Task prompt |
In the entries below, the line with "laxmmi bomb movie online" marks the start. Return it and every following line exactly, ending with the last.

--

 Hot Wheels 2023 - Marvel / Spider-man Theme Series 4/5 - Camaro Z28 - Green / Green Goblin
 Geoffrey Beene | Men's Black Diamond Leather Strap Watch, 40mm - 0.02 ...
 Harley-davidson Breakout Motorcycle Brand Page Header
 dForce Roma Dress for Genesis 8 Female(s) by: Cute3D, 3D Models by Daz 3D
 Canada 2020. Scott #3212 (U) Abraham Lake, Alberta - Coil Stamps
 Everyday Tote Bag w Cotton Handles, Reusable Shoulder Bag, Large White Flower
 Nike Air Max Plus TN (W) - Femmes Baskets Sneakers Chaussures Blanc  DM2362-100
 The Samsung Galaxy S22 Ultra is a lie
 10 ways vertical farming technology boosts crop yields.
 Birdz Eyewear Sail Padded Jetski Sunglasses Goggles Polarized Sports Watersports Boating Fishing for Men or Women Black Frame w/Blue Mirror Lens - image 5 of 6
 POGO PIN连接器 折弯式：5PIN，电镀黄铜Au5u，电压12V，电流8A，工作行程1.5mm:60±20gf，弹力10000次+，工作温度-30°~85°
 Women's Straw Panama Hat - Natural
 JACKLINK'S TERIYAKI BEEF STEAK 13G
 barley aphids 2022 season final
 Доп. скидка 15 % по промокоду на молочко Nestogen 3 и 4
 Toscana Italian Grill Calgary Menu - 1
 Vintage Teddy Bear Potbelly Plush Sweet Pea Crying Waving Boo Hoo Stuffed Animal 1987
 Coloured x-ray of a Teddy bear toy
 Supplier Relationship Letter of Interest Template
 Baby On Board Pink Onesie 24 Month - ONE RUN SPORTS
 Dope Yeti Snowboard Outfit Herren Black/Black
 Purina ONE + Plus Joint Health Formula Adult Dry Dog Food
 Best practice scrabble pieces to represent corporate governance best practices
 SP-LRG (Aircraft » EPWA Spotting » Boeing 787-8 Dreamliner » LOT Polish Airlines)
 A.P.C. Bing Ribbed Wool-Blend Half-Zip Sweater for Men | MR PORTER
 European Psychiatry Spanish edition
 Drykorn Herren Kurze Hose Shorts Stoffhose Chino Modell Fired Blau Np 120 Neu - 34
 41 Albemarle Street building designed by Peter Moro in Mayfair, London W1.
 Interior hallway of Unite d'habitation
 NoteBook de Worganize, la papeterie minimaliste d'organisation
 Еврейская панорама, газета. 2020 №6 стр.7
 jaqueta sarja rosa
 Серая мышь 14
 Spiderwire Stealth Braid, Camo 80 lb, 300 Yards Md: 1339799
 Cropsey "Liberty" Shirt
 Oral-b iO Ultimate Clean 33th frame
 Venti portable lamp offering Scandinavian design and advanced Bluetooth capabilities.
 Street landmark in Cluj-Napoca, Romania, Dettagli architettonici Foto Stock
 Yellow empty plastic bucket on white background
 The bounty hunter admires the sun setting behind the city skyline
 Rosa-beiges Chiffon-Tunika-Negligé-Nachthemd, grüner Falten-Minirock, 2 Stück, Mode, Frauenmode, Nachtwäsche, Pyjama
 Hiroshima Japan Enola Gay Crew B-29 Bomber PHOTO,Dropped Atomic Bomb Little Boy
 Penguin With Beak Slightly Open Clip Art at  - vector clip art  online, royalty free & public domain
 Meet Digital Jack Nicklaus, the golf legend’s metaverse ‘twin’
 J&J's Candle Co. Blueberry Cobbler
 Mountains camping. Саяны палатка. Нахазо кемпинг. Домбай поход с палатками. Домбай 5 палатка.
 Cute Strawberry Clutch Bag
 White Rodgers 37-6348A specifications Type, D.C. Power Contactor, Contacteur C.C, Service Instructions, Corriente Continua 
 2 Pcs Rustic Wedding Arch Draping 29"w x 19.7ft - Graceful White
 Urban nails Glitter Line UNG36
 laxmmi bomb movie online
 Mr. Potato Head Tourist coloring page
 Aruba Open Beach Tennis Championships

--

Response |
 laxmmi bomb movie online
 Mr. Potato Head Tourist coloring page
 Aruba Open Beach Tennis Championships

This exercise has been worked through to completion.